[PATCH v3] misc: sgi-gru: fix use-after-free error in gru_set_context_option, gru_fault and gru_handle_user_call_os

Zheng Wang posted 1 patch 3 years, 5 months ago
There is a newer version of this series
drivers/misc/sgi-gru/grufault.c  | 14 ++++++++++++--
drivers/misc/sgi-gru/grumain.c   | 18 ++++++++++++++----
drivers/misc/sgi-gru/grutables.h |  2 +-
3 files changed, 27 insertions(+), 7 deletions(-)
[PATCH v3] misc: sgi-gru: fix use-after-free error in gru_set_context_option, gru_fault and gru_handle_user_call_os
Posted by Zheng Wang 3 years, 5 months ago
Gts may be freed in gru_check_chiplet_assignment.
The caller still use it after that, UAF happens.

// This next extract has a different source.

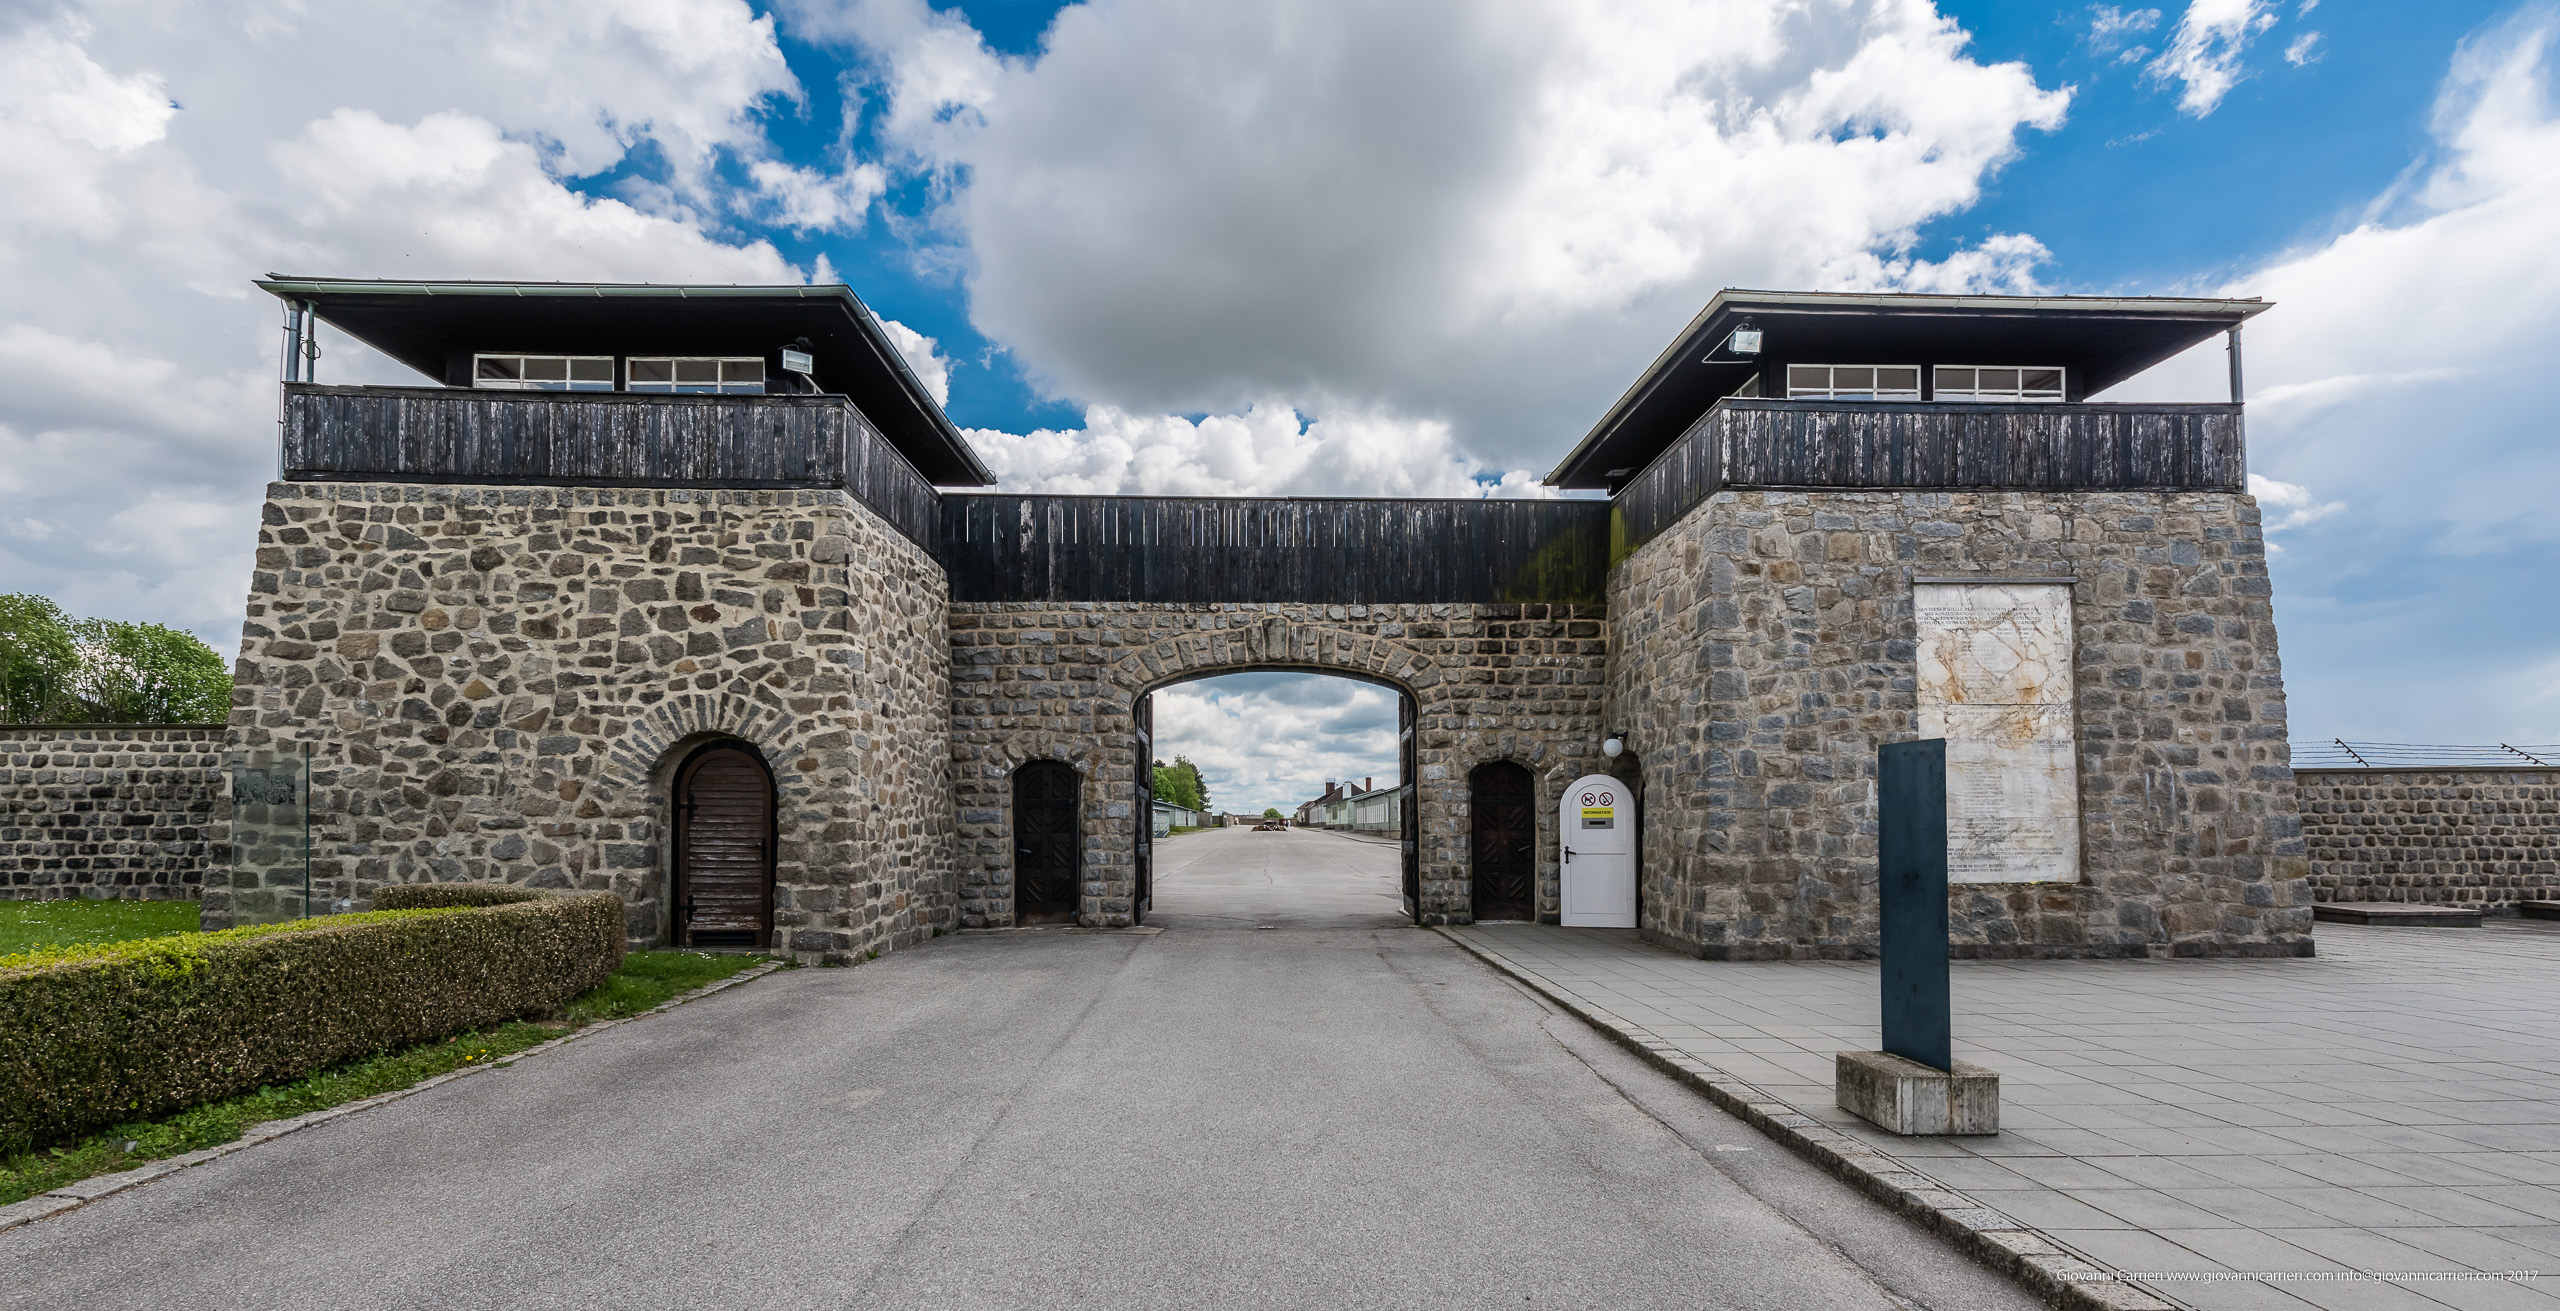 KZ Mauthausen concentration camp

Fix it by introducing a return value to see if it's in error path or not.
Free the gts in caller if gru_check_chiplet_assignment check failed.

Fixes: 55484c45dbec ("gru: allow users to specify gru chiplet 2")
Reported-by: Zheng Wang <hackerzheng666@gmail.com>
Signed-off-by: Zheng Wang <zyytlz.wz@163.com>
---
v3:
- add preempt_enable and use VM_FAULT_NOPAGE as failure code by Yejian

v2:
- commit message changes suggested by Greg

v1: https://lore.kernel.org/lkml/CAJedcCzY72jqgF-pCPtx66vXXwdPn-KMagZnqrxcpWw1NxTLaA@mail.gmail.com/
---
 drivers/misc/sgi-gru/grufault.c  | 14 ++++++++++++--
 drivers/misc/sgi-gru/grumain.c   | 18 ++++++++++++++----
 drivers/misc/sgi-gru/grutables.h |  2 +-
 3 files changed, 27 insertions(+), 7 deletions(-)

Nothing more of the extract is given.